Privacy Attacks. These include data reconstruction, membership inference, property inference, and model extraction attacks. As one example, data reconstruction attacks and membership inference attacks are able to recover an individual’s private data from aggregate information.
Adversarial Attacks on Generative AI
Generative AI develops models that can generate content, such as images, text, and other media, with similar properties to their training data. Generative AI includes several different types of technologies with distinct origins, modeling approaches, and related properties.
Although many attack types in Predictive AI are also observed in Generative AI (such as data poisoning, model poisoning, and model extraction), recent research has also found adversarial machine learning attacks that are specific to Generative AI systems, according to the NIST report. The three categories of such attacks include supply chain attacks, direct prompting attacks, and indirect prompt injection attacks, as described below.
- Supply Chain Attacks. Many vulnerabilities of the traditional software supply chain, such as reliance on third party dependencies, also plaque Generative AI systems. In addition, there are new specific dependencies including data collection and scoring and integration of third party-developed AI models and plugins.
- Direct Prompting Attacks. These occur when the primary user of the system is the attacker, who interacts with the machine learning model through query access. A wide range of techniques can be used to launch these attacks, depending on the attacker’s objectives. Typical objectives involve enabling misuse, invading system or user privacy, or violating system integrity.

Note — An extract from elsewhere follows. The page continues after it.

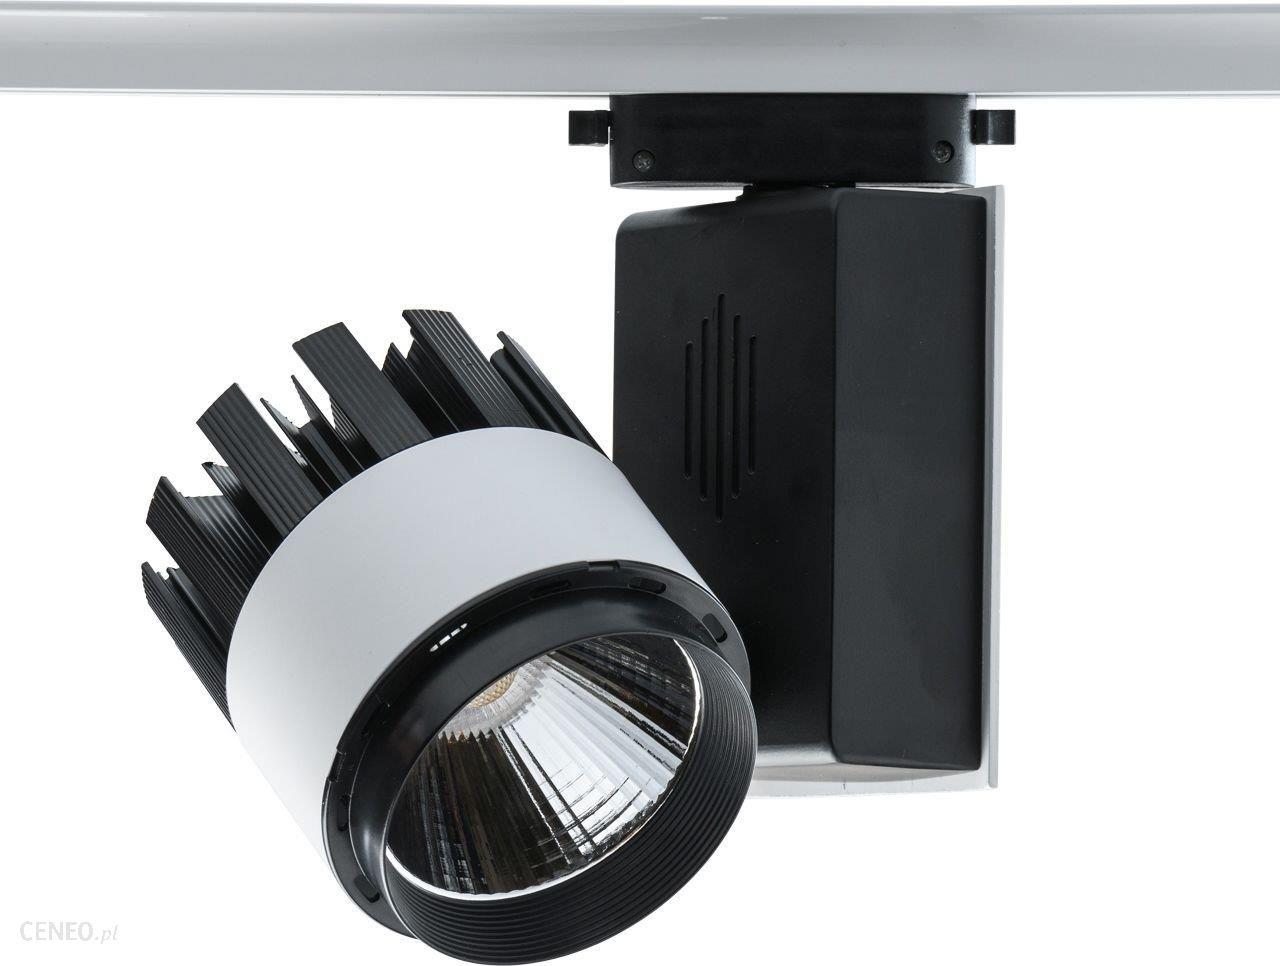 Demarkt Trade Mark Oświetlenie Sufitowe Punktowe Techno 550011301 Opinie I Atrakcyjne Ceny Na Ceneopl

- Indirect Prompt Injection Attacks. These are enabled by resource control that allows an attacker to remotely inject system prompts without directly interacting with the application. Unlike direct prompting attacks, indirect prompt injection attacks are conducted by a third party rather than by the model’s primary user.
The NIST report offers 127 pages of insights into adversarial attacks and adversarial machine learning.
Summary
Adversarial machine learning is a rapidly emerging discipline driven by the objective of understanding how hackers can manipulate data to cause incorrect or undesired outcomes in machine learning applications. By exploring how attackers can exploit weaknesses in machine learning models, the emerging field of adversarial machine learning can help lead to solutions to address those weaknesses and other vulnerabilities being discovered.
Introducing more robust security into all stages of the machine learning life cycle is becoming increasingly important, and will enable those responsible for the design, development, implementation, and management of artificial intelligence and machine learning systems to continue to advance applications and identify new uses for these promising technologies.